The implementation of the above device requires first the processing of silk. At present, the processing method of the fibroin device mainly obtains a pure fibroin solution by degumming, dialysis and other processes of natural silkworm cocoons, and further obtains a structure with corresponding functions by casting, spin coating, soft etching, nano imprinting, ink jet printing and the like. However, the silk has small size (about 10 μm) and strong mechanical property, so that the direct micro-nano processing of the natural silk is very difficult.
Disclosure of Invention
The invention aims to provide a method for processing a nano blind hole on the surface of a single silk by using femtosecond laser, aiming at the lack of a method for directly processing the nano blind hole on the single silk at present, the method utilizes the near-field modulation principle and the multiphoton nonlinear absorption effect in the action process of the femtosecond laser and silk fibroin, and generates an independent elliptical blind hole structure with the minor axis length less than 100nm by reasonably regulating and controlling the parameters of the femtosecond laser.
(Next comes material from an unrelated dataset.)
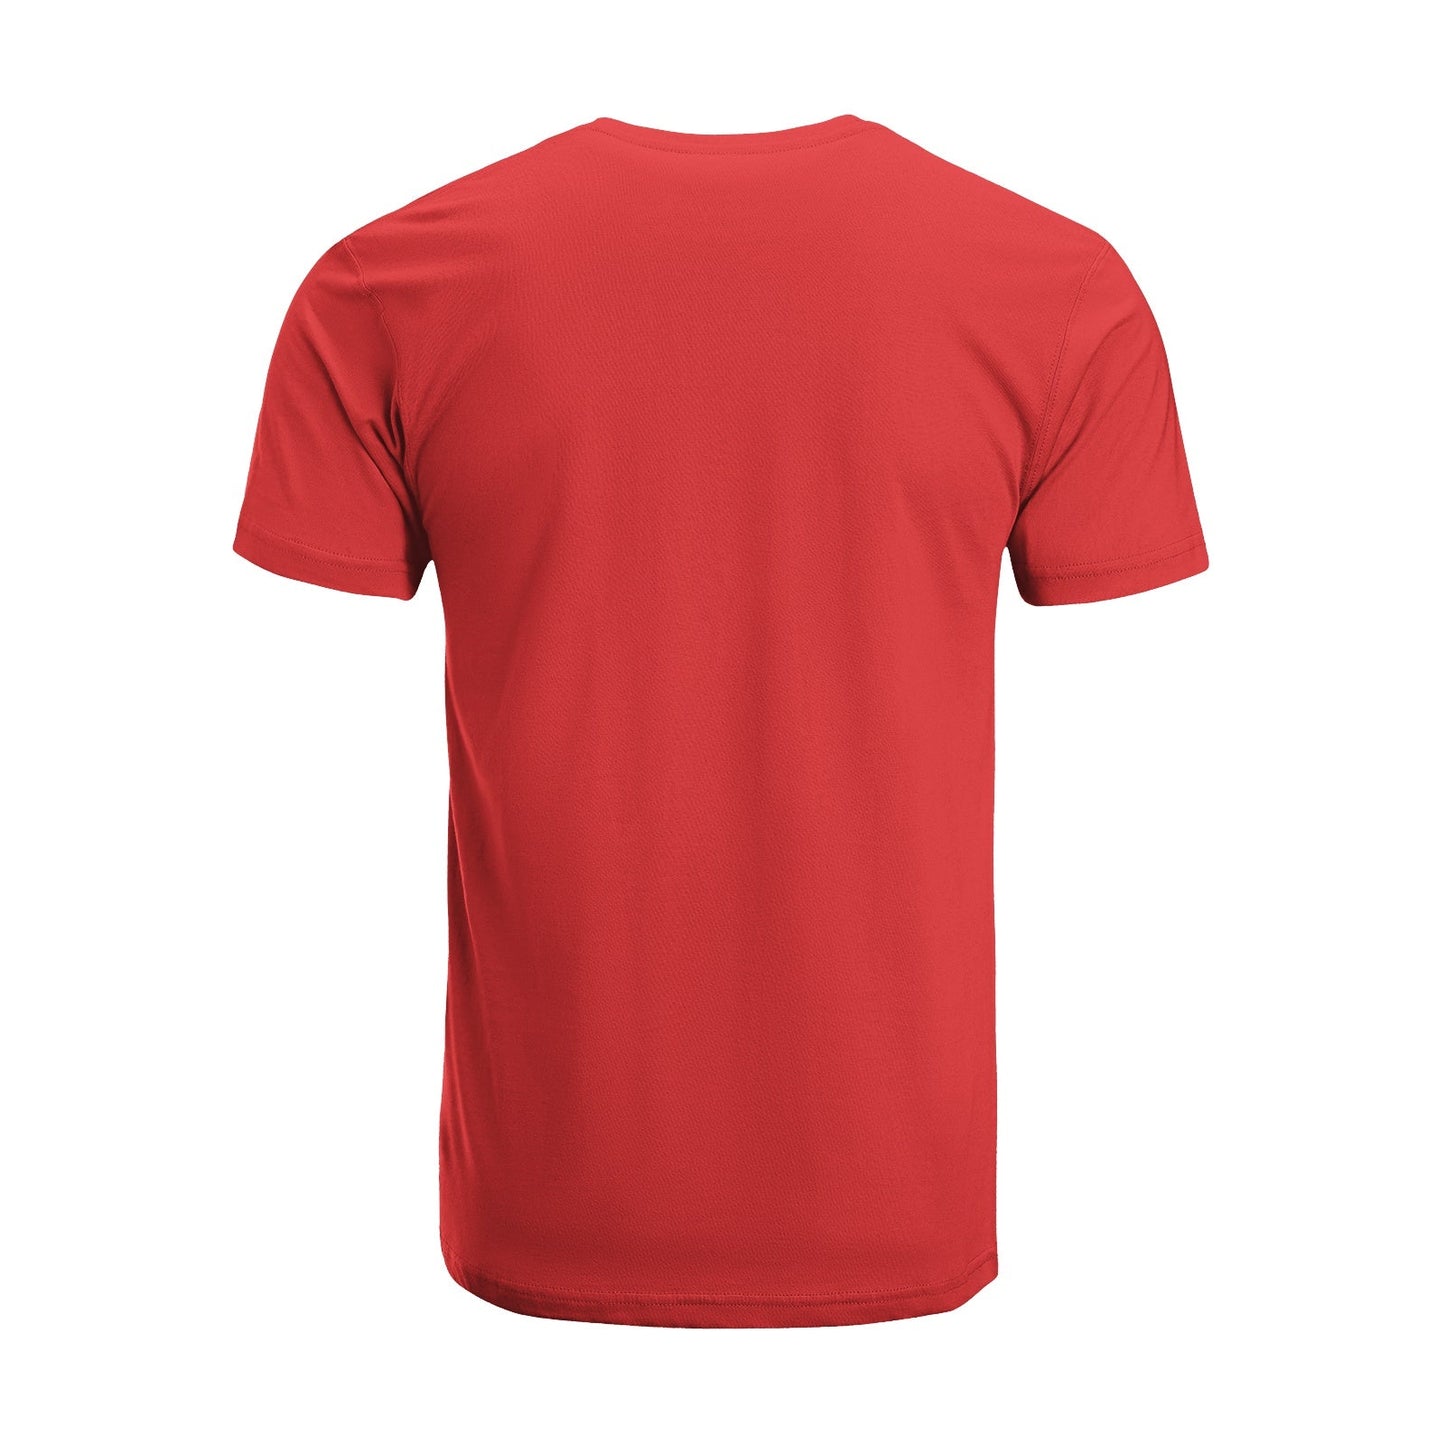 Unisex Short Sleeve Crew Neck Cotton Jersey T-Shirt MOM 01

The invention provides a method for processing nano blind holes on the surface of silk by using femtosecond laser, which comprises the following steps:
(1) the ablation threshold of the silk to be processed is determined by an epitaxial method, and the process is as follows:
(1-1) the N energy fluxes are F0The femtosecond laser pulse is focused on the surface of silk through a lens according to the incident femtosecond laser wavelength lambda and the spot diameter DLQuality factor M2Calculating the focal length f of the lens to obtain the beam waist radius omega at the focal point0,
(1-2) measuring the radius r of the silk surface ablation circular spots obtained in the step (1-1);
(2) Focusing the femtosecond laser pulse sequence on the surface of the single silk through a lens or a microscope objective;
(3) the parameters of the femtosecond laser are controlled as follows: the number of femtosecond laser pulses is 300-800, the energy flux of the femtosecond laser is 1.05-1.15 times of the silk ablation threshold value under the corresponding number of pulses, the polarization direction of the femtosecond laser is axially vertical to the silk, and the independently existing nano oval blind holes are processed on the surface of the silk.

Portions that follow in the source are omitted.